Users authenticate via passport-jwt strategy.
Admins have a separate JWT strategy (admin-auth.strategy.ts).
Phone numbers verified via OTP codes in verificationCodes module.
TOTP 2FA (via speakeasy) required for admin payout approvals.
Magic links supported via MagicLinkLog table.
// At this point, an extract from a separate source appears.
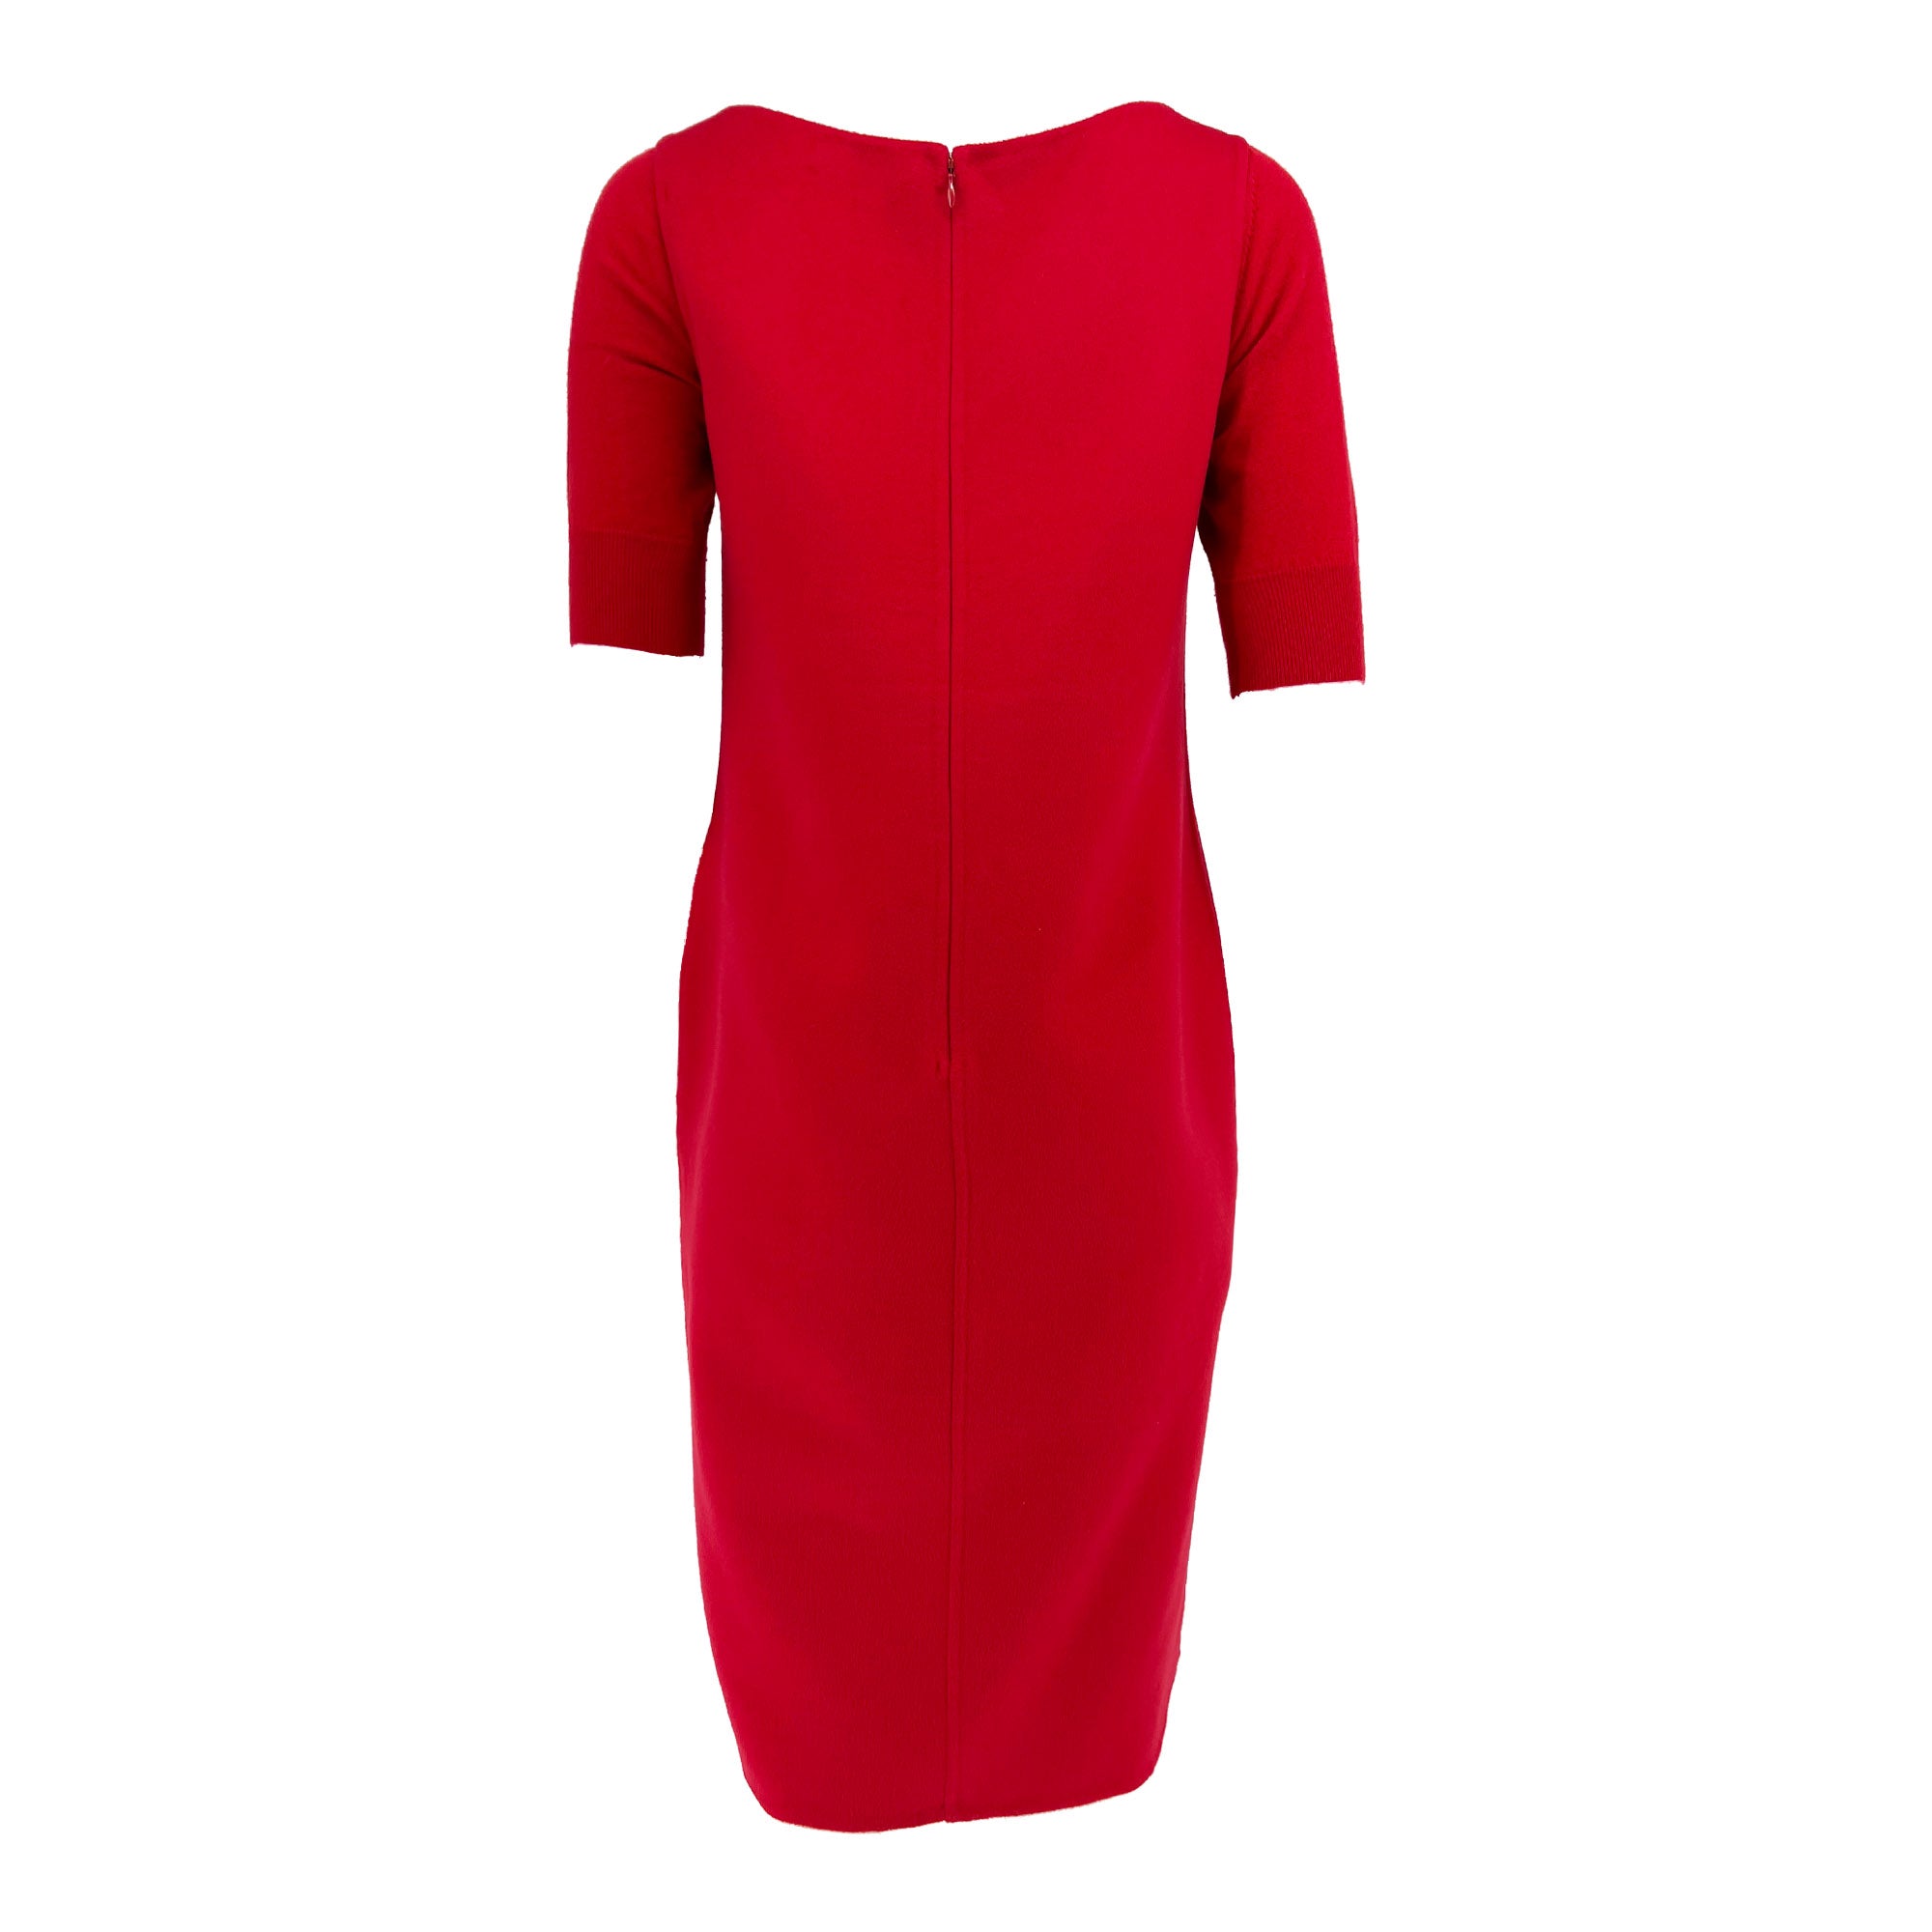 Christian Dior Vintage Red Dress
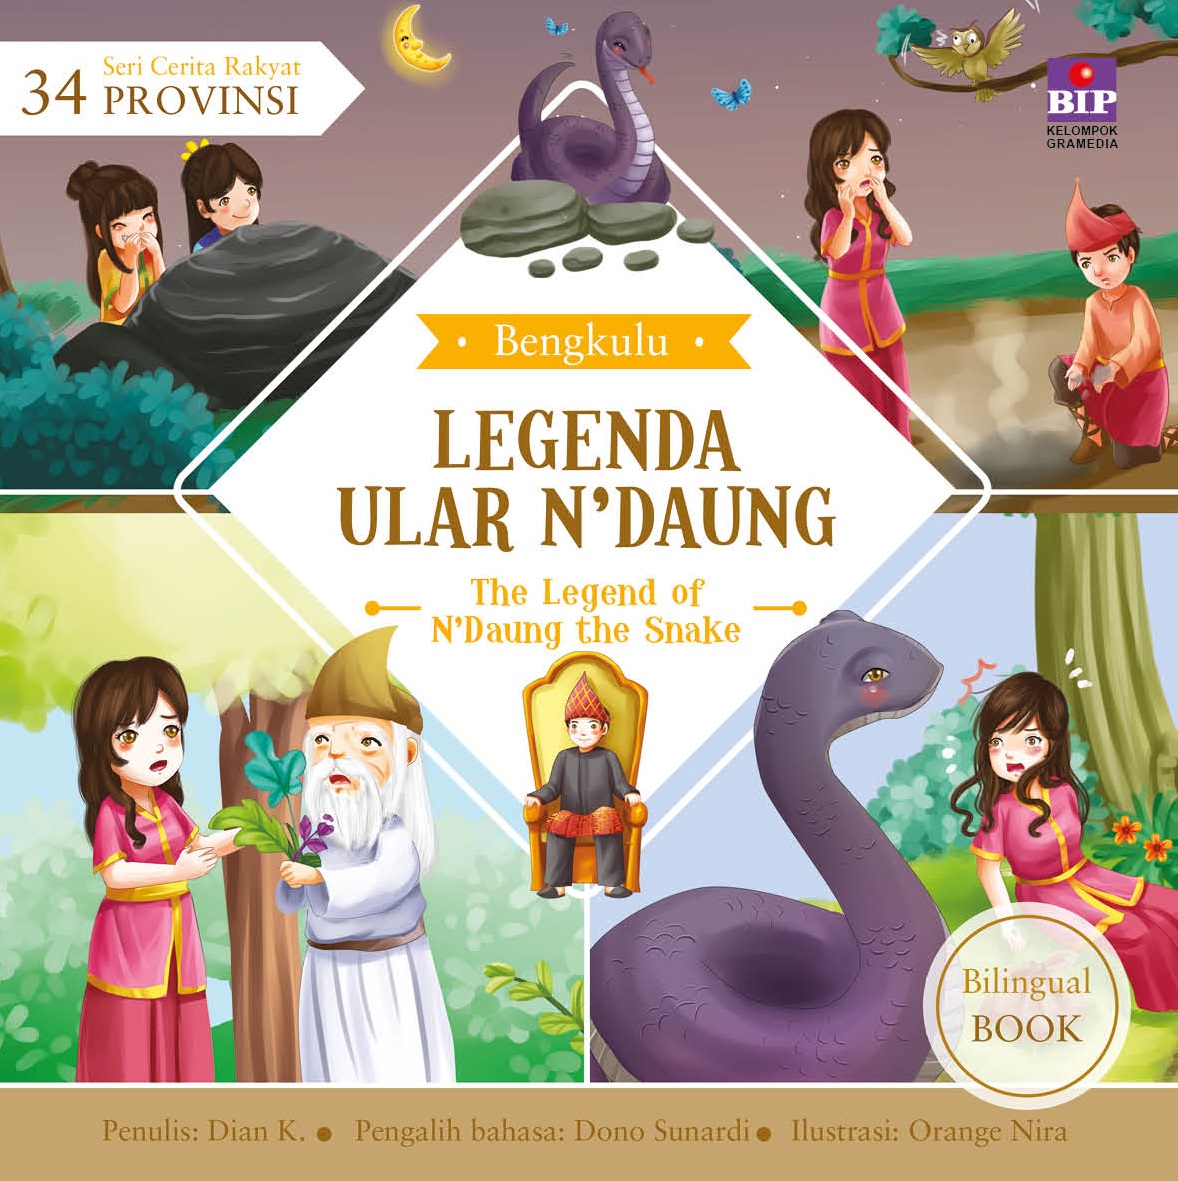 Seri Cerita Rakyat 34 Provinsi: Legenda Ular N'daung

WebSocket: Real-time order status updates and notifications via Socket.IO.

Core Domain — Orders¶

An Order is the central entity: a conditional payment agreement between a buyer and a seller.

Order lifecycle¶

CREATED        — Buyer creates order with defined conditions
   ↓ Seller accepts
ACCEPTED
   ↓ Work begins
IN_PROGRESS
   ↓ Seller marks complete
COMPLETED
   ↓ Conditions verified, payment released
CLOSED
   ↓ (alternatively)
DISPUTED / ISSUE_REPORTED
   ↓ Resolution
REFUNDED

Conditions are predefined templates (from conditions-seed) or custom. All conditions must be marked fulfilled before payment is released.

KRO Balance holds payment in escrow via the kroBalance module until order closes.

Payment Providers¶

Provider	Location	Use case
Paystack	`src/payment/paymentAPI/paystack/`	Primary Nigerian payment gateway
Fincra	`src/payment/paymentAPI/fincra/`	Alternative payment provider
Providus	`src/payment/paymentAPI/providus/`	Bank transfer provider

Payment webhooks are verified before updating order/balance state.

Database Schema¶

Key tables (managed via TypeORM migrations in /migrations/):

Table	Purpose
`users`	All platform users
`orders`	Order records with conditions and state
`conditions`	Condition definitions per order
`kro_balance`	Escrow wallet per user
`transactions`	Payment transaction records
`refunds`	Refund records
`magic_link_logs`	Magic link auth tokens
`verification_codes`	OTP records for phone verification
`payment_webhook_info`	Raw Paystack/Fincra/Providus webhook payloads
`two_factor_admin`	TOTP secrets for admin 2FA
`fee_configuration`	Platform fee rules
`user_roles`	Role definitions

Configuration¶

Config is file-based via node-config. The file name maps to NODE_ENV (e.g., production.json). The file is never committed — it is placed on the server and mounted as a Docker volume.

Key config sections:

database.*         — PostgreSQL host, port, user, password, DB name, SSL CA cert path
jwt.*              — JWT secrets and expiry
sendGrid.*         — API key and sender email
twilio.* / telnyx.* / termii.*  — SMS provider credentials
paystack.* / fincra.* / providus.*  — Payment gateway credentials
aws.*              — DO Spaces access key, secret, region, bucket
highlight.*        — Error tracking project ID

Frontend (kro-frontend + kro-admin)¶

Both are React SPAs served as static sites behind Nginx.

kro-frontend — User-facing app (orders, payments, profile, wallet).
kro-admin — Admin dashboard (order management, user management, payouts).
Both communicate exclusively with kro-backend over HTTPS.